:: DATA SHOWN ::
**********

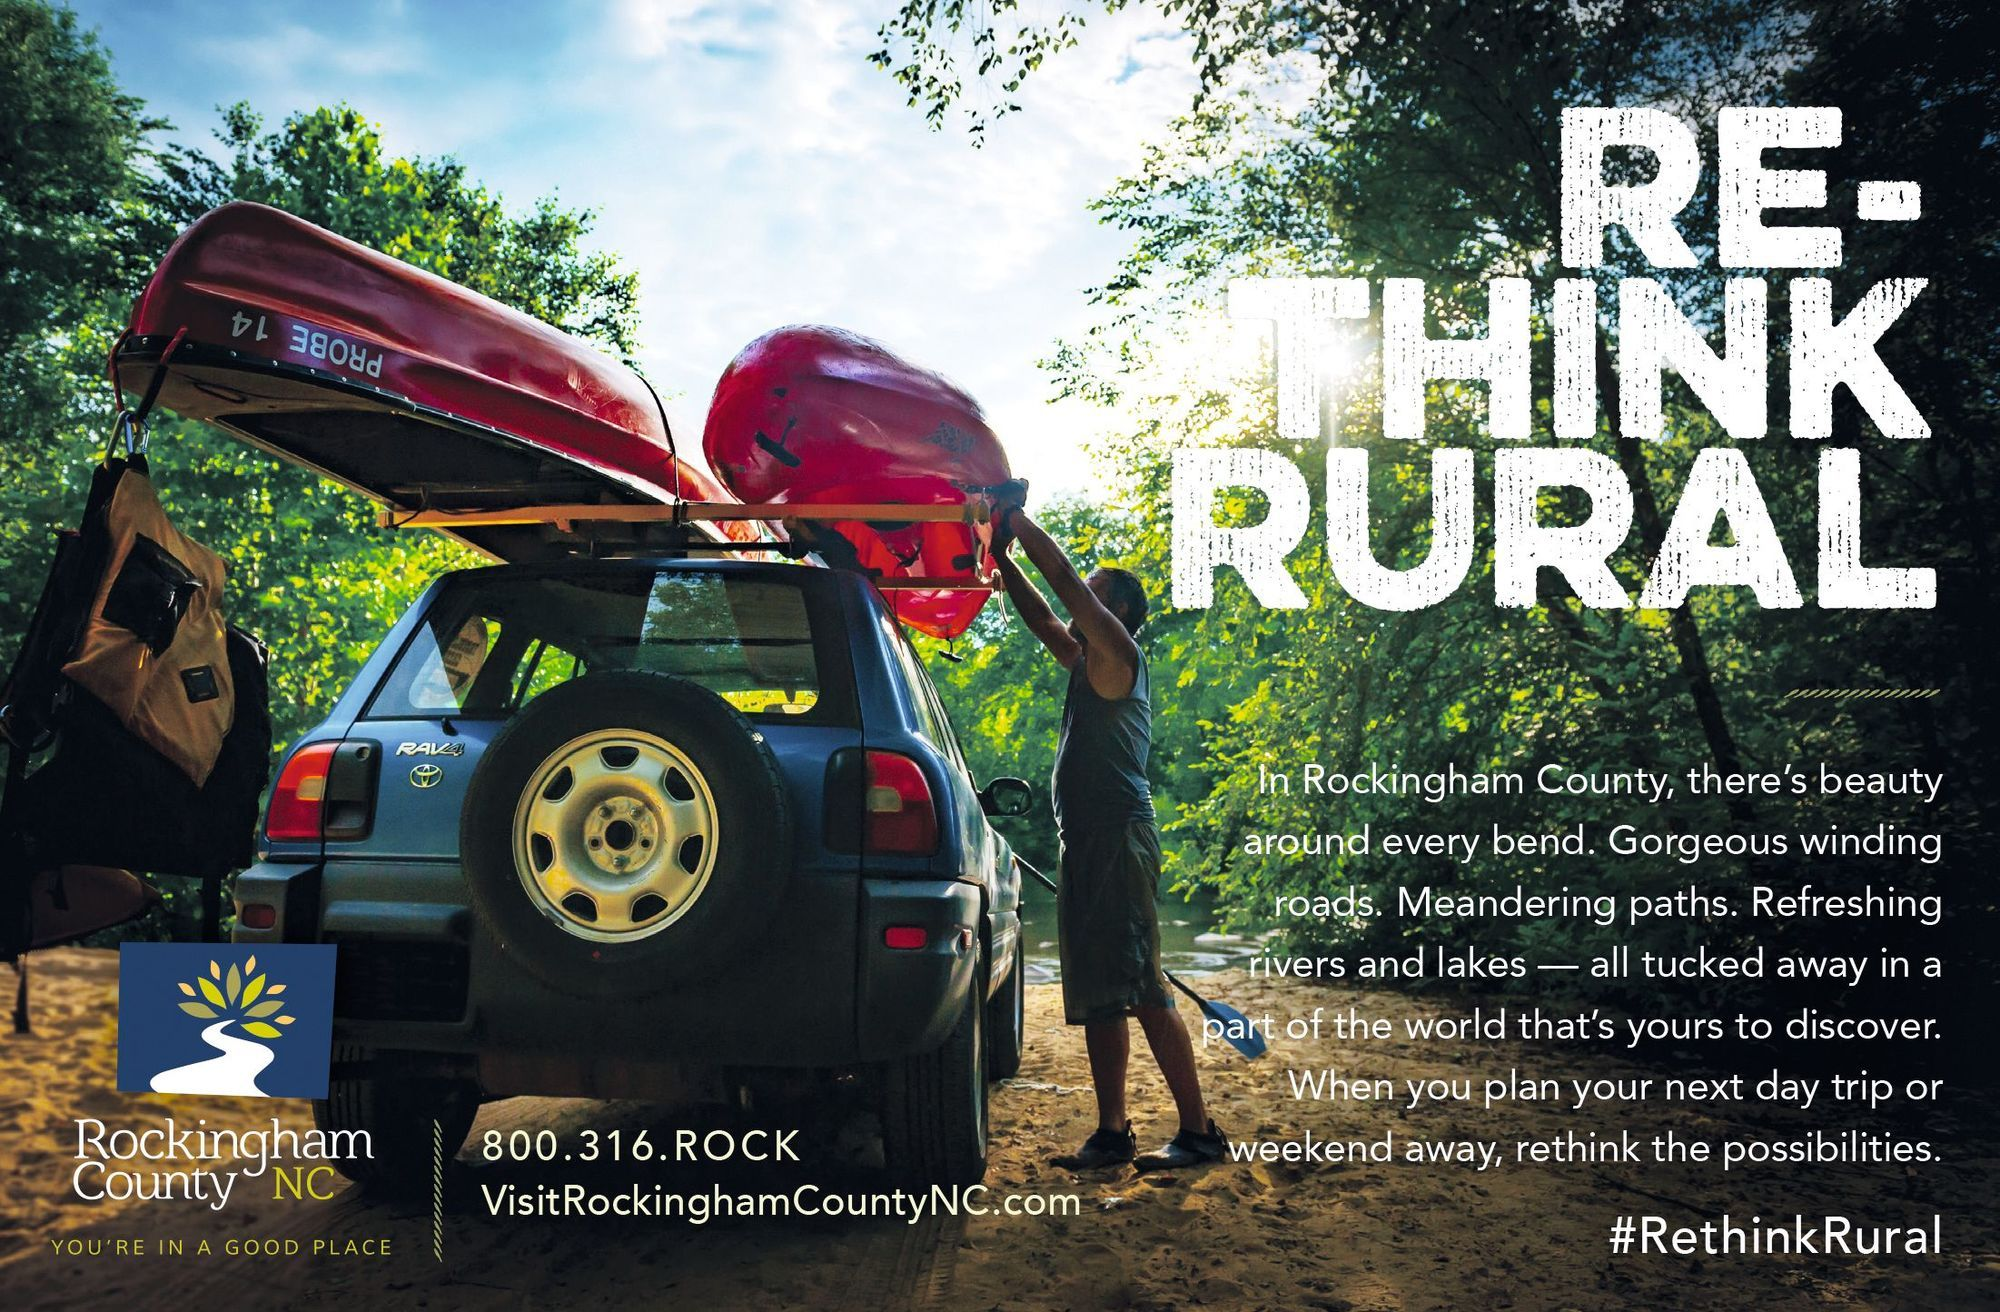 Re-think rural
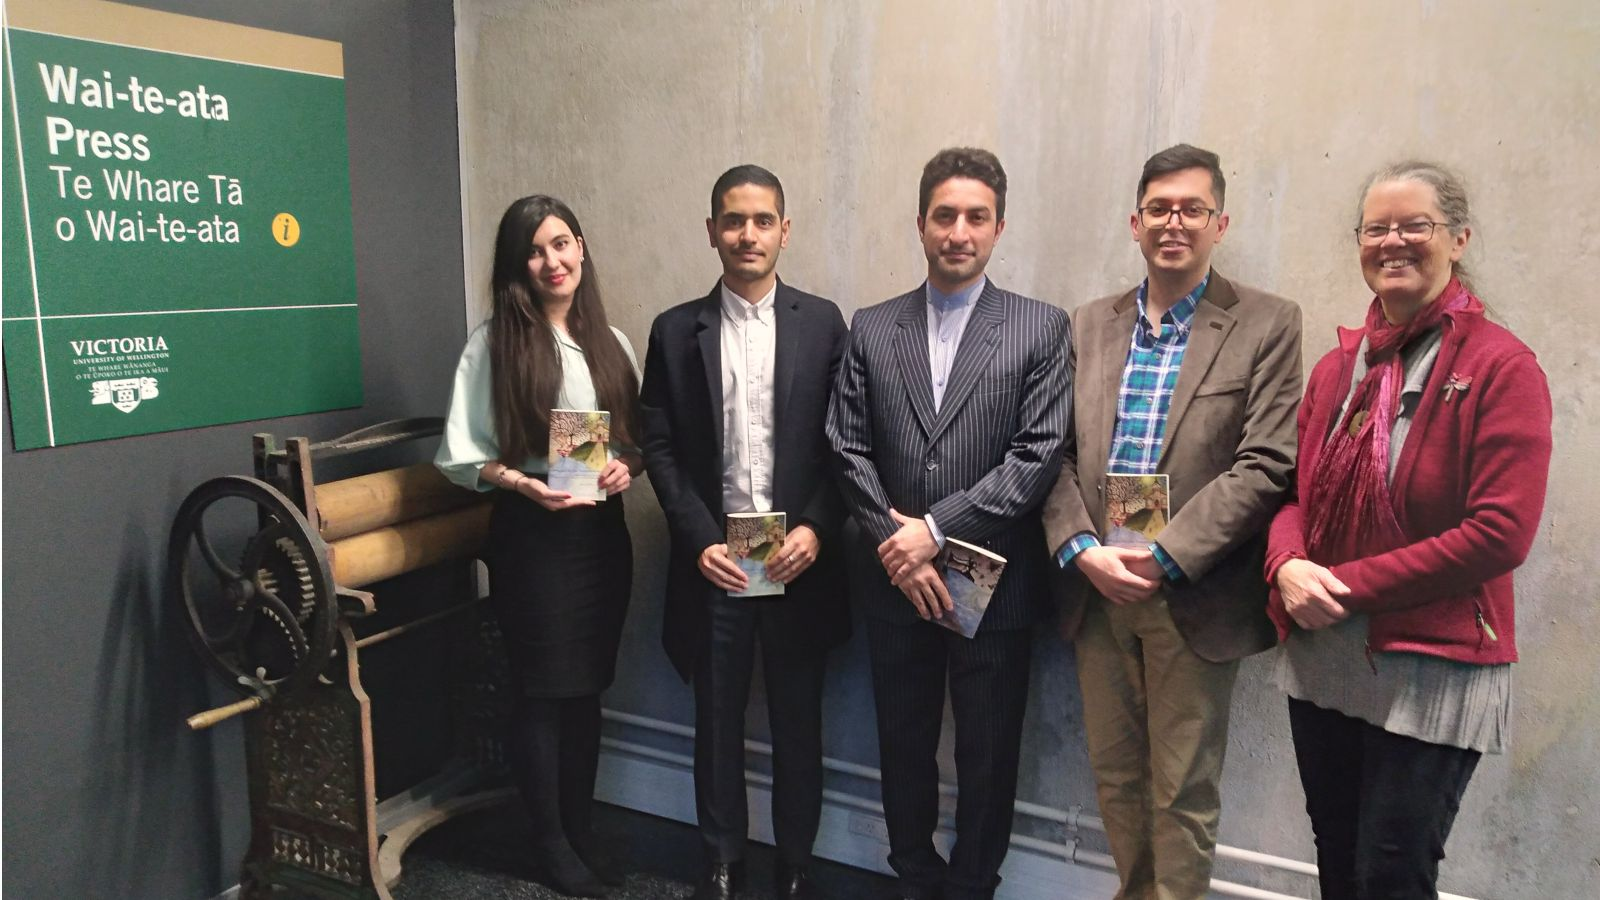 Translators Nastaran Arjomandi, Mohsen Kafi, and Fahim Afarinsadi with Mr Shamsollah Azimi and Associate Professor Sydney Shep outside Wai-te-ata Press.
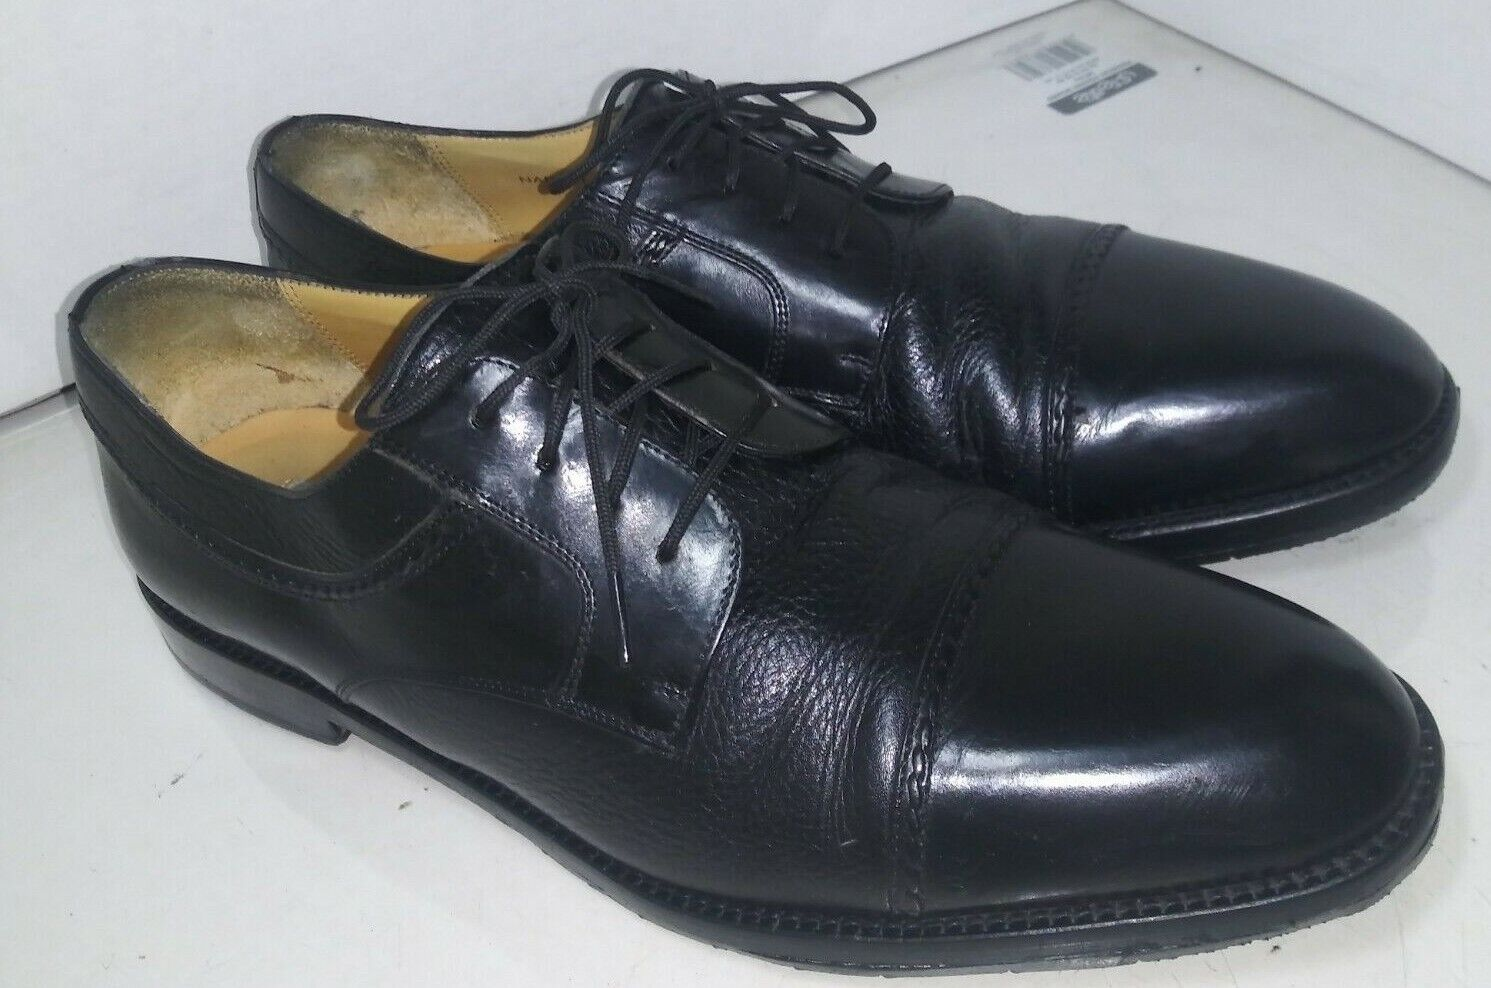 Mezlan Napoli Black Leather Dress Oxford shoes Cap Toe Men Size 11.5 M

**********

:: WHAT IS NEEDED ::
Starting with the line that holds "Translators Nastaran Arjomandi, Mohsen", copy every line exactly through the final line of the material, but skip the pictures.

:: ANSWER AREA ::
 Translators Nastaran Arjomandi, Mohsen Kafi, and Fahim Afarinsadi with Mr Shamsollah Azimi and Associate Professor Sydney Shep outside Wai-te-ata Press.
 Mezlan Napoli Black Leather Dress Oxford shoes Cap Toe Men Size 11.5 M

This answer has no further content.